Research has shown that highlighting racial disparities can actually increase support for policies that perpetuate inequality, such as “stop and frisk.” With caution, this report maintains a focus on disparities, particularly between Black and white residents, because those are indicative of problems within systems and not the inherent criminality of individuals or populations. In fact, our city has seen improvement in racial disparities at the same time as we made systemic changes like diversion programs and juvenile detention alternatives. But there is still work to do. After improving for seven consecutive years (2002-2009), the disparity between Black and white jail rates has remained consistent for the last decade. Black residents are three times as likely to be imprisoned as white residents.

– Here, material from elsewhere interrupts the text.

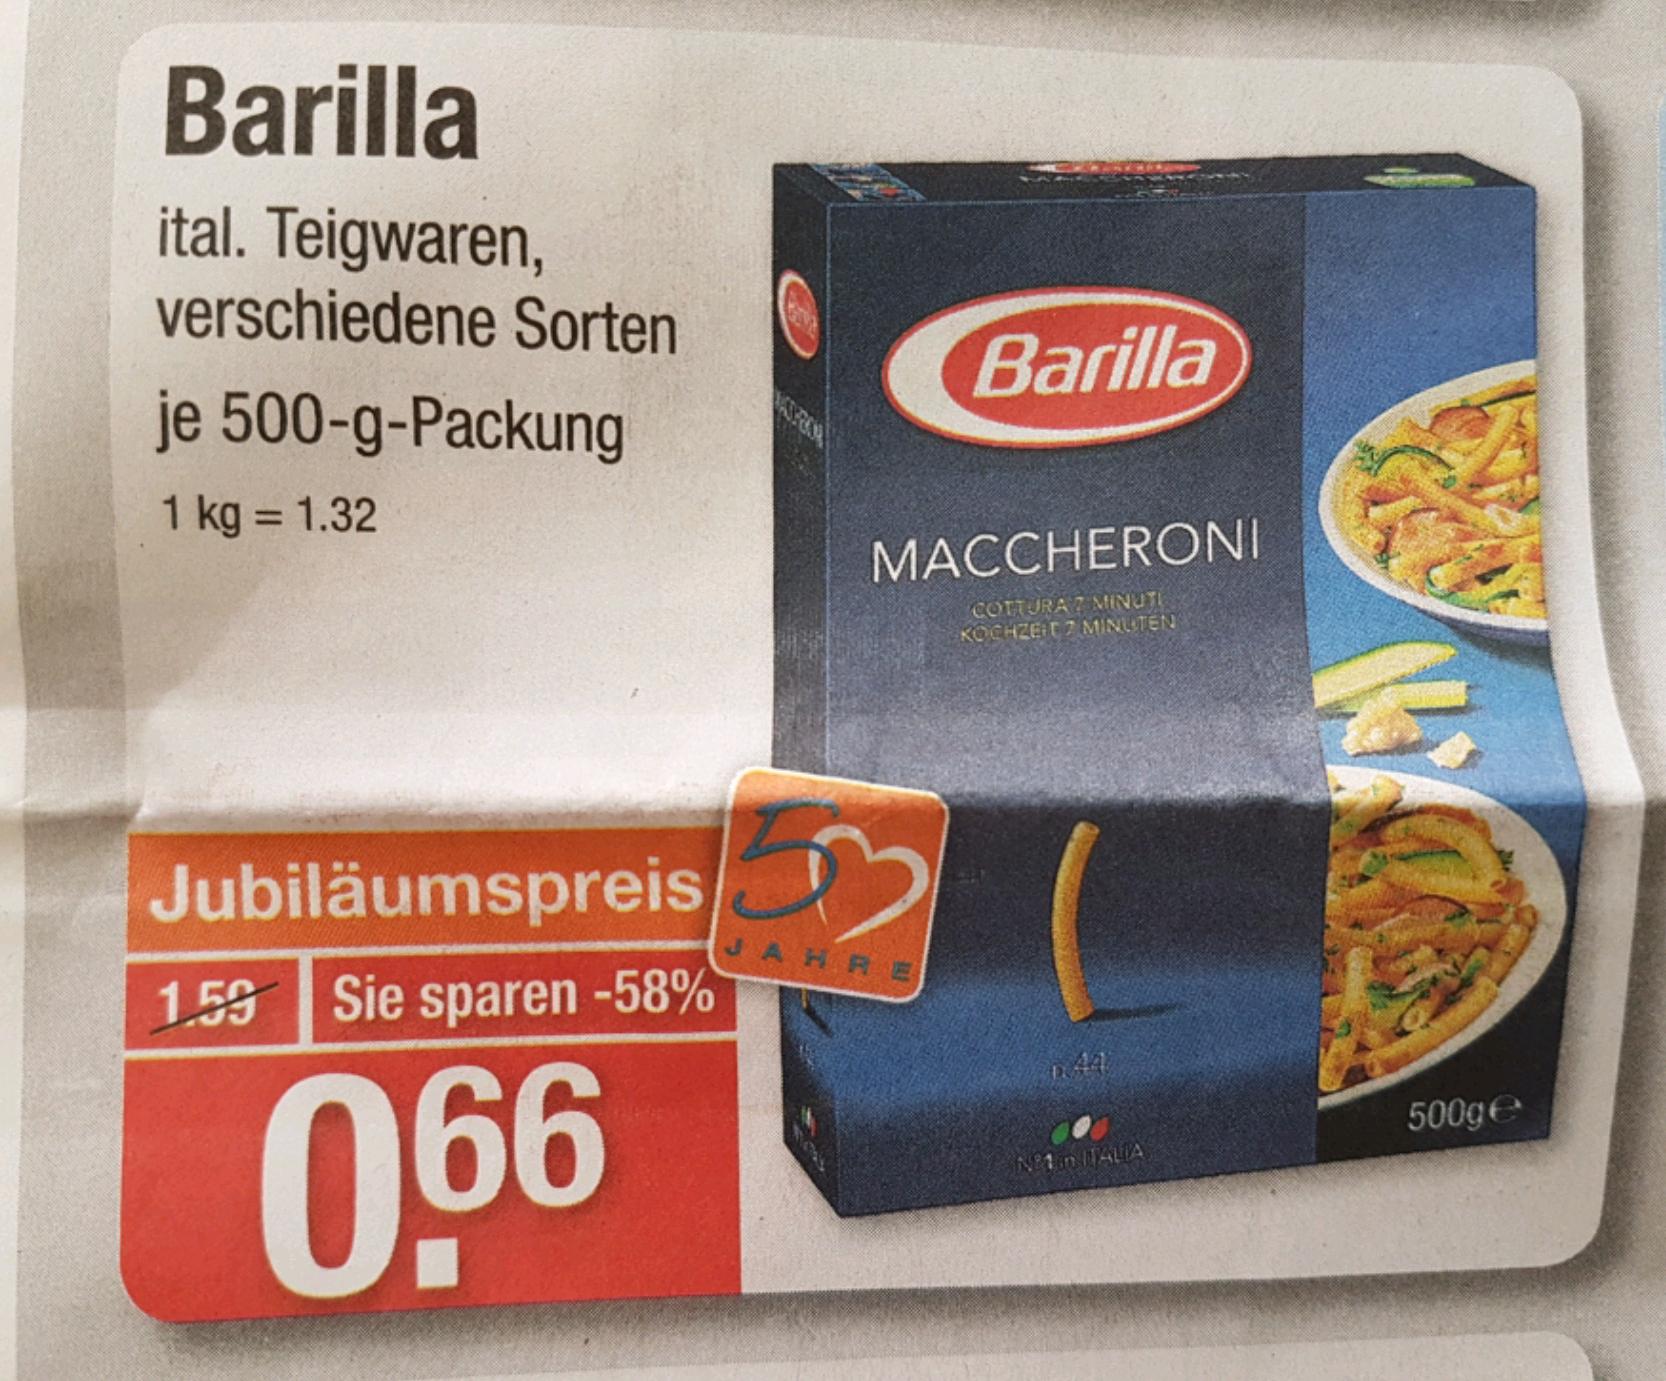 [V-Markt] Barilla Teigwaren 500g für 0,66€

The Cradle to Prison Pipeline
A child’s social and economic environment influences their life course, but nowhere is this circumstance more apparent than with individuals who cross paths with the criminal justice system as they mature. Economic, racial, social, and educational inequities, all linked to a child’s neighborhood, lead too often to a developmental path that moves from cradle to prison.
Where children grow up and the circumstances of their childhood both introduce risk factors that result in greater likelihood of discipline within the school system, more encounters with the juvenile justice system, and, in adulthood, greater involvement with the criminal justice system. Key equity-related risk factors include growing up in a low-income neighborhood, race and ethnicity, gender, and physical and mental disability.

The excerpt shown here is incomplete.